→ TASK DETAILS: Would you transcribe the listing that follows word for word, skipping pictures?

→ GIVEN DATA:
════════════════

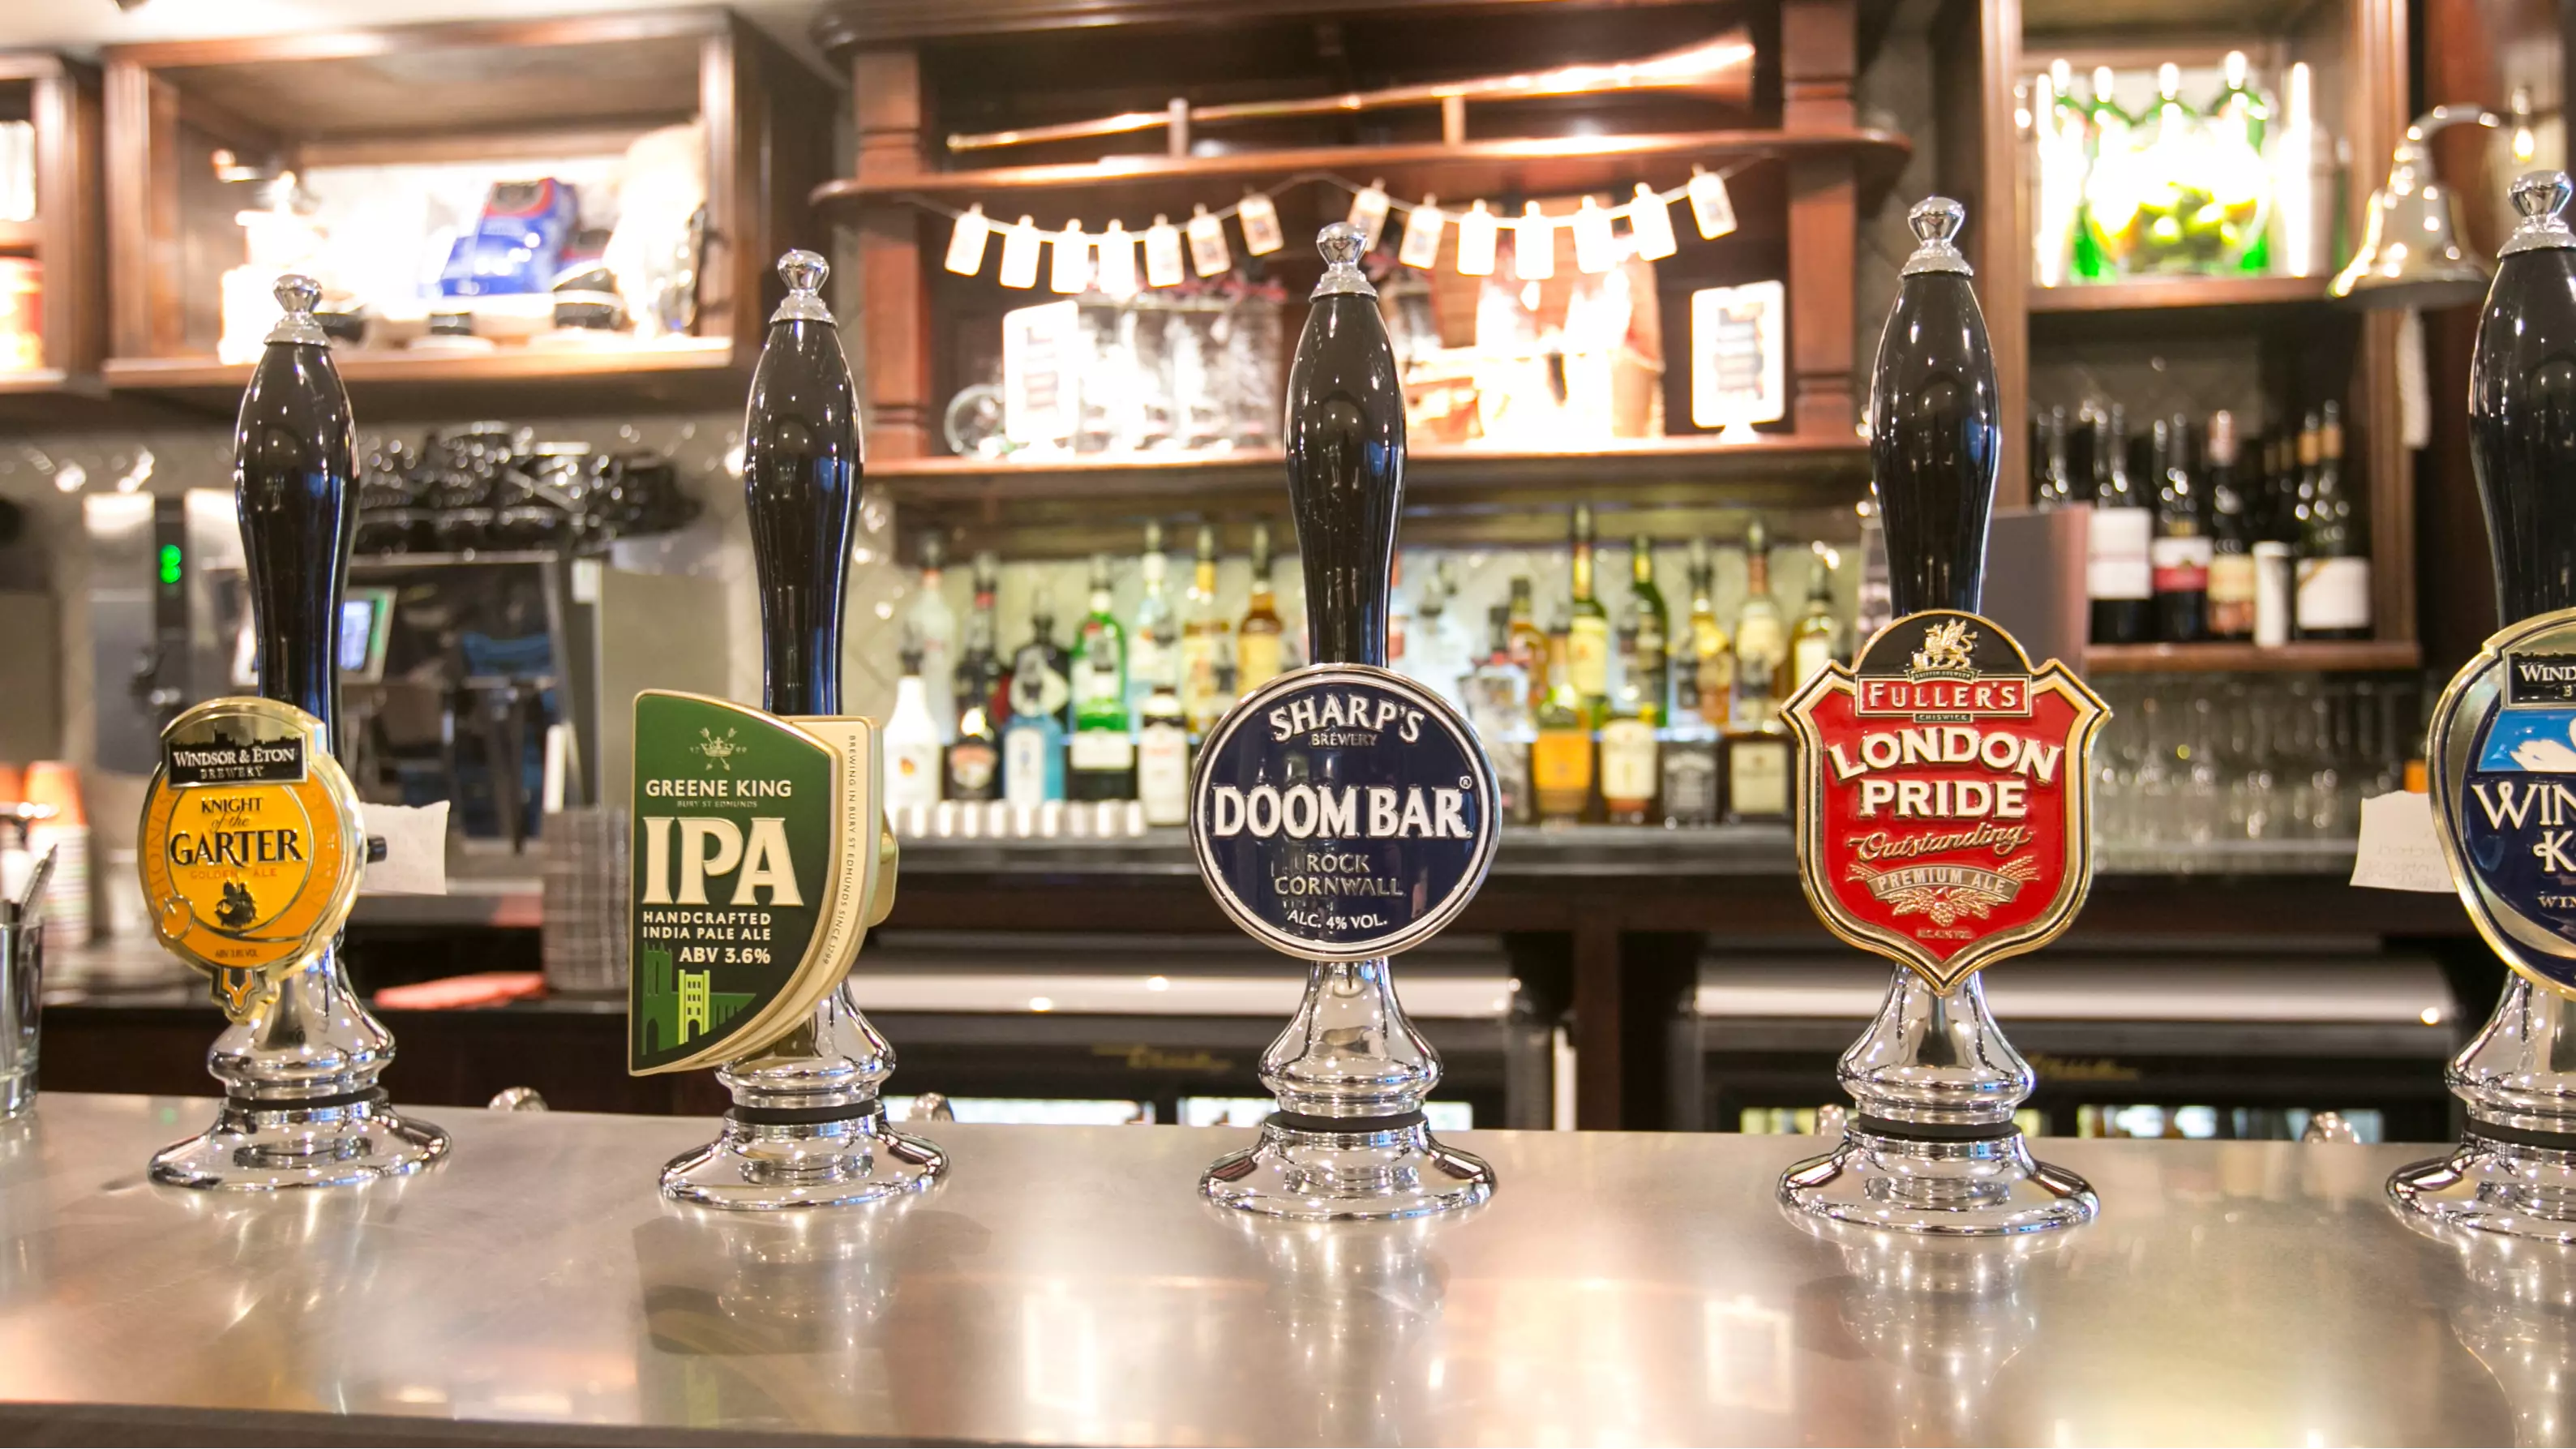 This Website Shows You Which Wetherspoon Pubs Offer The Best Value
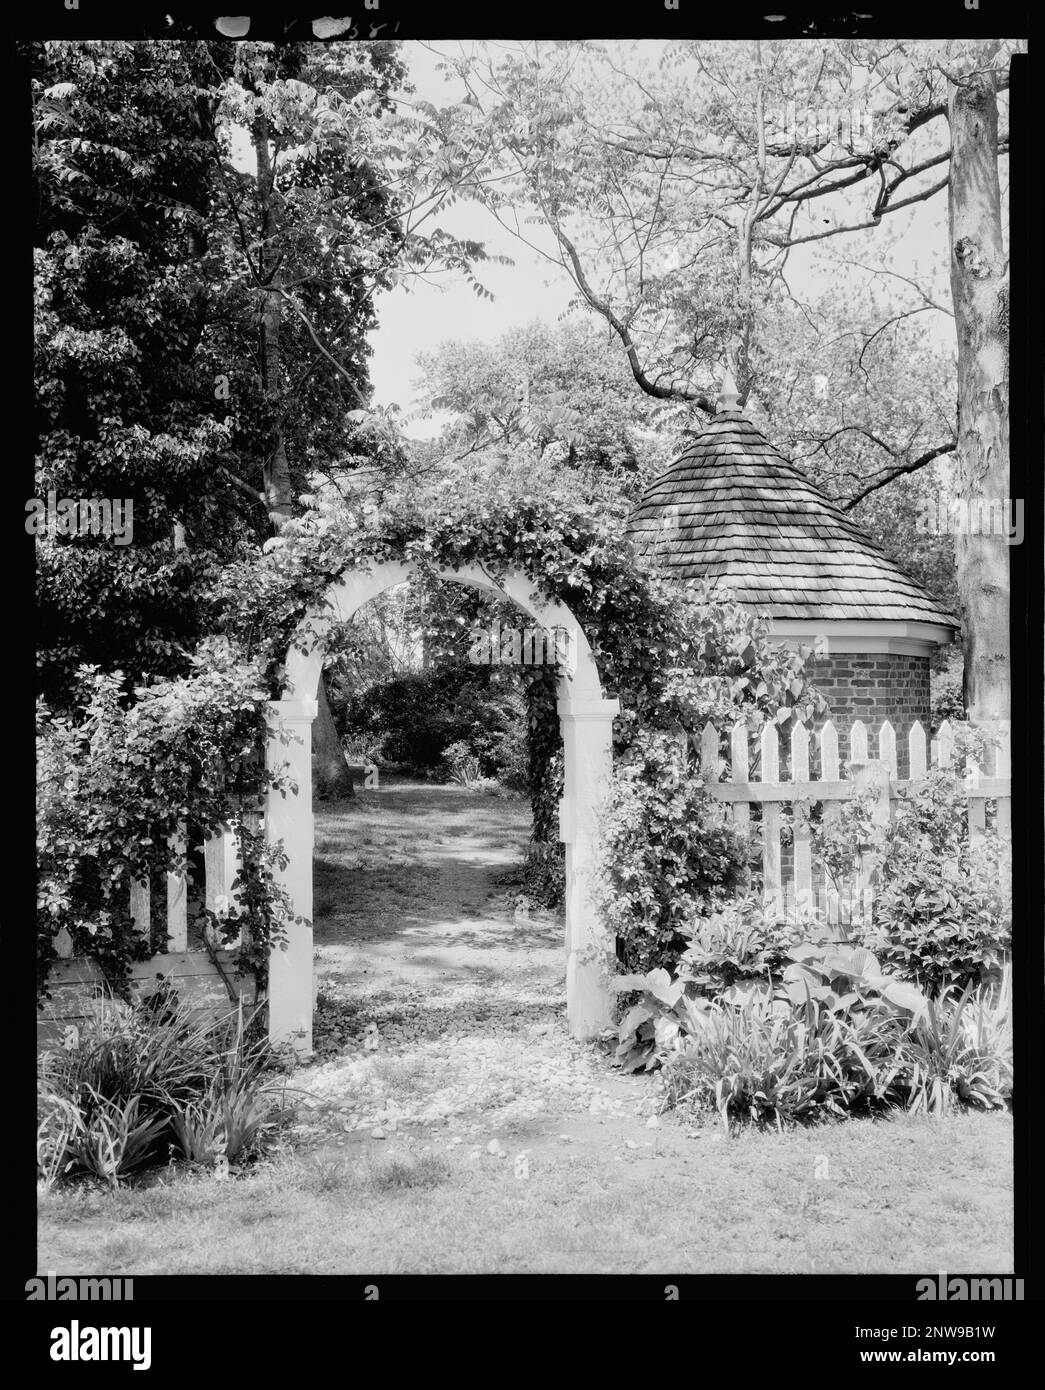 Brandon, Surry vic., Prince George County, Virginia. Carnegie Survey of the Architecture of the South. United States  Virginia  Prince George County  Surry vic, Arbors , Bowers, Fences, Gardens, Estates. Stock Photo
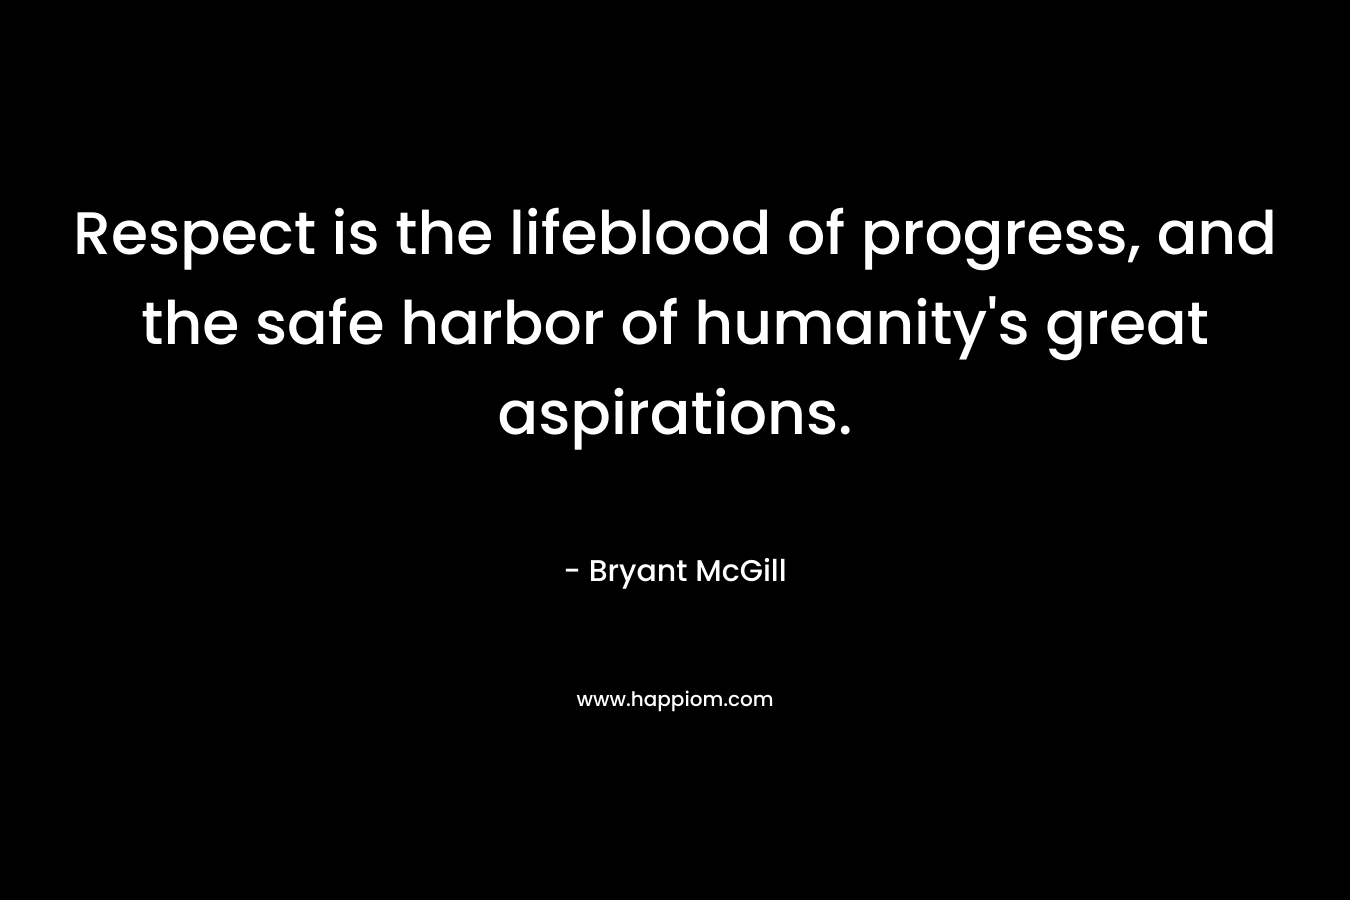 Respect is the lifeblood of progress, and the safe harbor of humanity’s great aspirations. – Bryant McGill
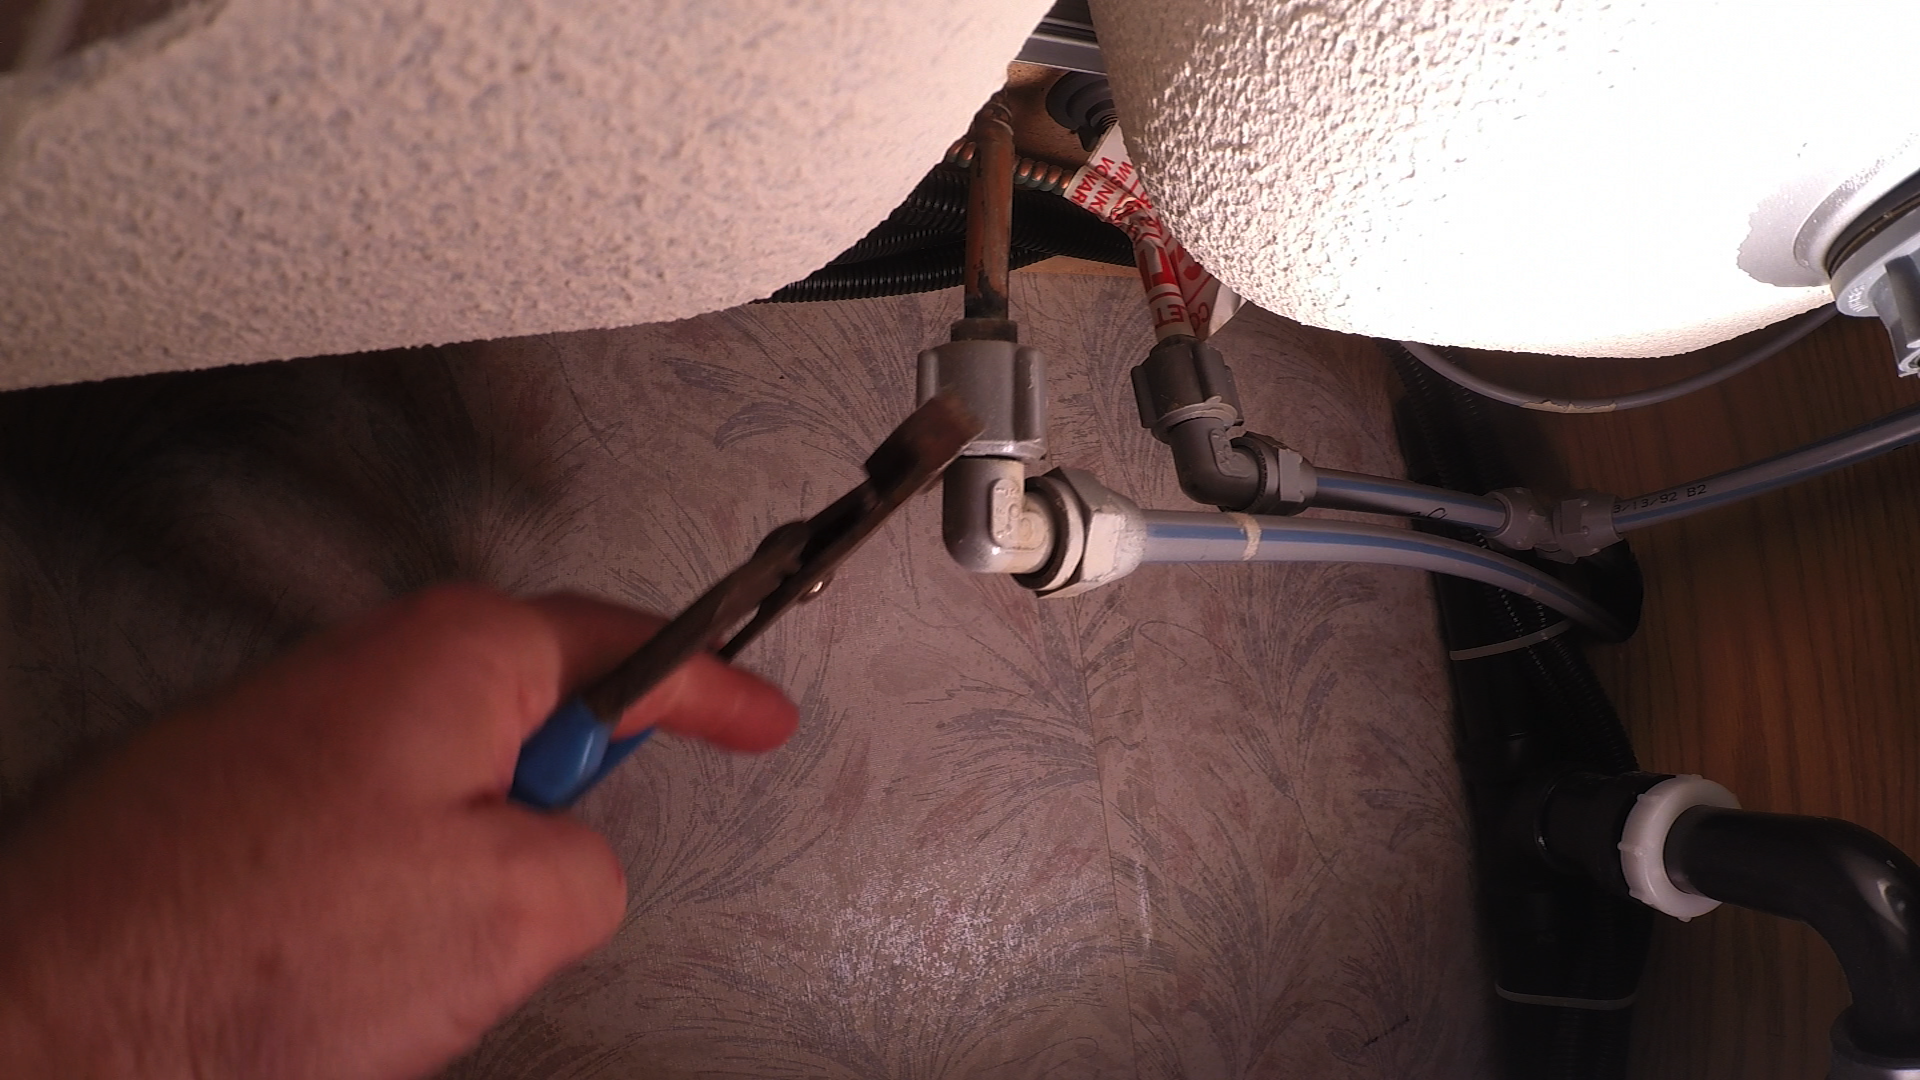 Fixing a pipe under a sink

════════════════

→ SOLUTION:
 This Website Shows You Which Wetherspoon Pubs Offer The Best Value
 Brandon, Surry vic., Prince George County, Virginia. Carnegie Survey of the Architecture of the South. United States  Virginia  Prince George County  Surry vic, Arbors , Bowers, Fences, Gardens, Estates. Stock Photo
 Respect is the lifeblood of progress, and the safe harbor of humanity’s great aspirations. – Bryant McGill
 Fixing a pipe under a sink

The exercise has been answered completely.